I have a big (~10000x10000) but sparse matrix A and a vector B. I want to solve the system using backslash
C = A\B ,
and it works, but it is taking too long. Is there a way to parallelize this and utilize multiple cores on the computer?
I have a big (~10000x10000) but sparse matrix A and a vector B. I want to solve the system using backslash
C = A\B ,
and it works, but it is taking too long. Is there a way to parallelize this and utilize multiple cores on the computer?
It’s possible that the default sparse solver may be parallel already (I’m not sure), or at least to the extent it’s possible/useful for the problem and algorithm.
But you might look into other solvers based on different algorithms. Take a look at some of the packages suggested in this thread. Whether or not they’re parallel, they may offer a speed benefit depending on your problem.
Thanks a lot. UMFPACKFactorization() and KLUFactorization() improve the performance, but I do not see them parallelizing the code. I have checked that BLAS.get_num_threads() returns 4, but only one CPU is working on the problem. I have access to a computer with 64 cores, and it would be great if I could utilize it. I am planning to run a calculation with a much bigger size of matrices.
The following code works well and gives a fantastic multithreading speedup. For some reason this code only works for julia version 1.8.2 and not for julia version 1.9.2. I get an error saying “reordering problem”.

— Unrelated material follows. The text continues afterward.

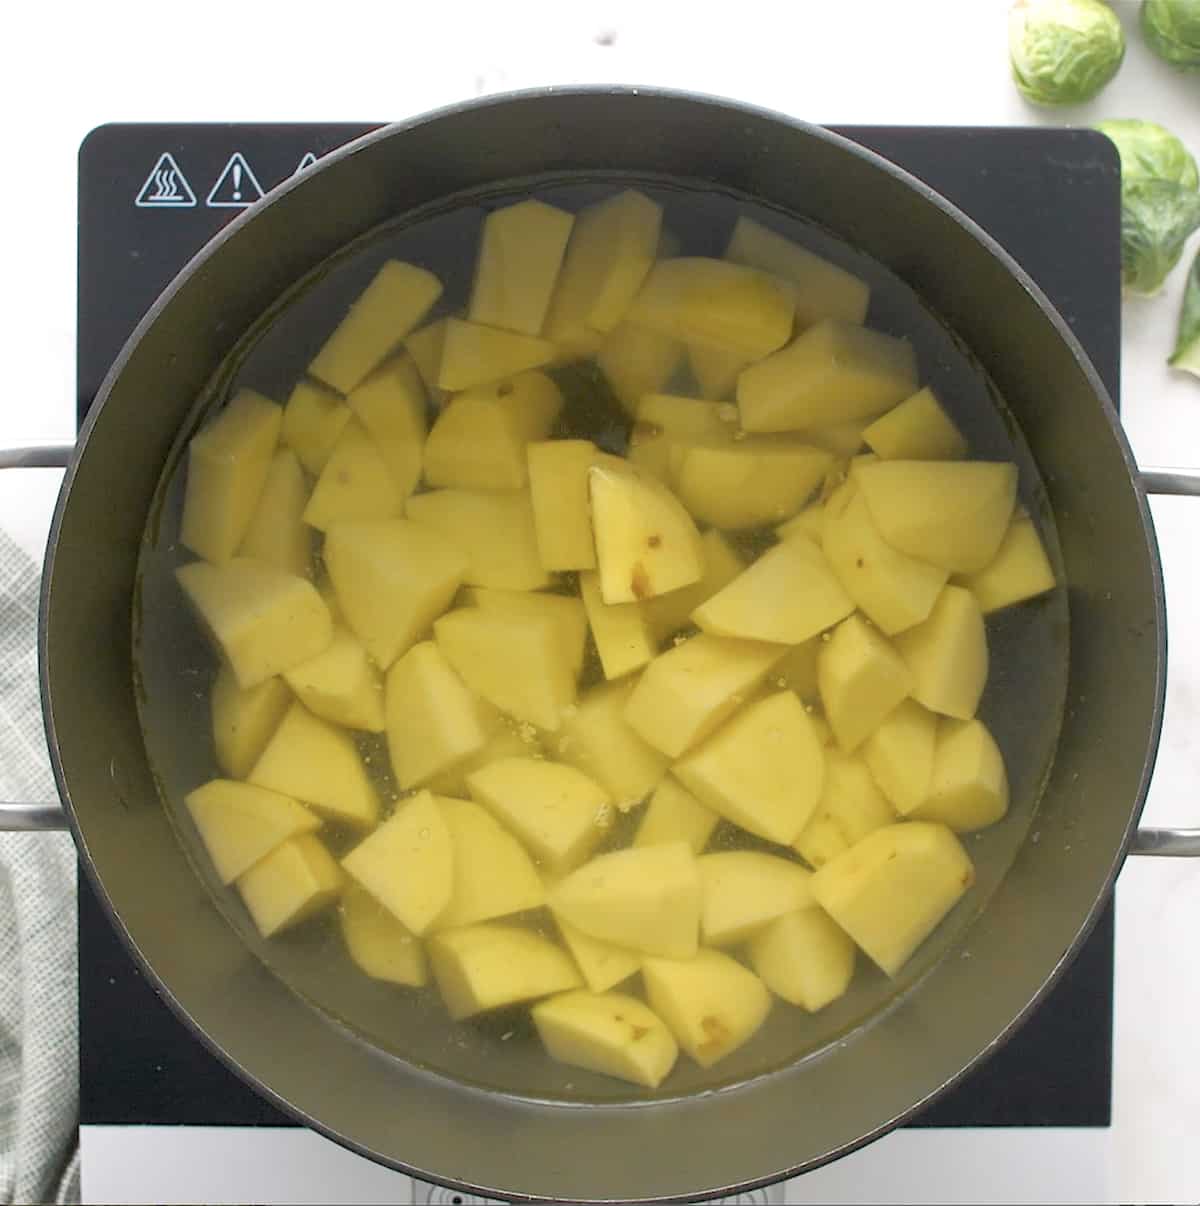 cubed potatoes in a pan of water

I think there is a bug in julia 1.9.2. Where should I report this?
using Pardiso
using SparseArrays
using Random
using Printf
using Test
# -----------------
verbose = false
n = 10000
A = sprand(n, n, 0.01)
B = rand(n)
# Initialize the PARDISO internal data structures.
# ps = PardisoSolver()
ps = MKLPardisoSolver()
set_nprocs!(ps, 4)
set_iparm!(ps, 12, 1)
println(get_iparm(ps, 12))
if verbose
set_msglvl!(ps, Pardiso.MESSAGE_LEVEL_ON)
end
# If we want, we could just solve the system right now.
# Pardiso.jl will automatically detect the correct matrix type,
# solve the system and free the data
X1 = solve(ps, A, B)
# We also show how to do this in incremental steps.
#println(X1)
Apologies for the drive-by, but I’m not at my computer right now. You might be interested in this video by @ChrisRackauckas .
That should just be MKLPardisoFactorize()
/ MKLPardisoIterate()
in LinearSolve.jl . Try those and see if it works well.
UMFPACK does parallelize, but OpenBLAS doesn’t use that many threads that well. If you use using MKL
then UMFPACK may use threads better (and don’t forget to BLAS.set_num_threads(64)
)
Pardiso.jl provides multi-threaded sparse solves.
BTW @Shashank if you can provide the setup for the matrix then we could add it to the SciMLBenchmarks to better track performance of this kind of case. Right now the best I could point to are the two benchmarks we have there:
Thanks Chris. I am trying to solve a linear integro-pde
Dr = Differential(r)
Dcth = Differential(cth)
Icth = Integral(cth in DomainSets.OpenInterval(-1,1))
# 2D PDE
eq = cth * Dr(u(r,cth)) + ((1 - cth * cth) / r) * Dcth(u(r,cth)) ~ cemit(r) - d(r) * u(r,cth) + cd(r) * Icth(u(r,cth))
where cemit(r), d(r) and cd(r) are functions that are inputs.
This is just a steady-state solution for a transport equation in spherical geometry. Since this is a linear equation, it is easy to calculate the Jacobian. If we take a grid over r and \cos\theta that has 100 bins each, the jacobian is 10,000 by 10,000. Due to the integral in the equation, the Jacobian is not tridiagonal but broader. The sparsity pattern is shown below,
Instead of O(30000) one would expect in a normal pde, I have about a million non-zero entries in the Jacobian. I am working on a project that involves adding nonlinear corrections to this equation, but right now, I am trying to figure out an optimal way of solving the linear part so that I can know which solvers work well in which situation. For now, it seems Pardiso.jl is the best. But I will make plots for all the methods I have tried and post them here so that we have a benchmark for integro-differential equations using single and multiple threads. I was also planning to do the same using a GPU node on the cluster to see whether that gives an advantage in this case.
Is that not a banded matrix? If it’s a banded matrix you should specify it with BandedMatrices.jl and fully specialize on that.
I did not know this was available. I will try that too. Thanks a lot.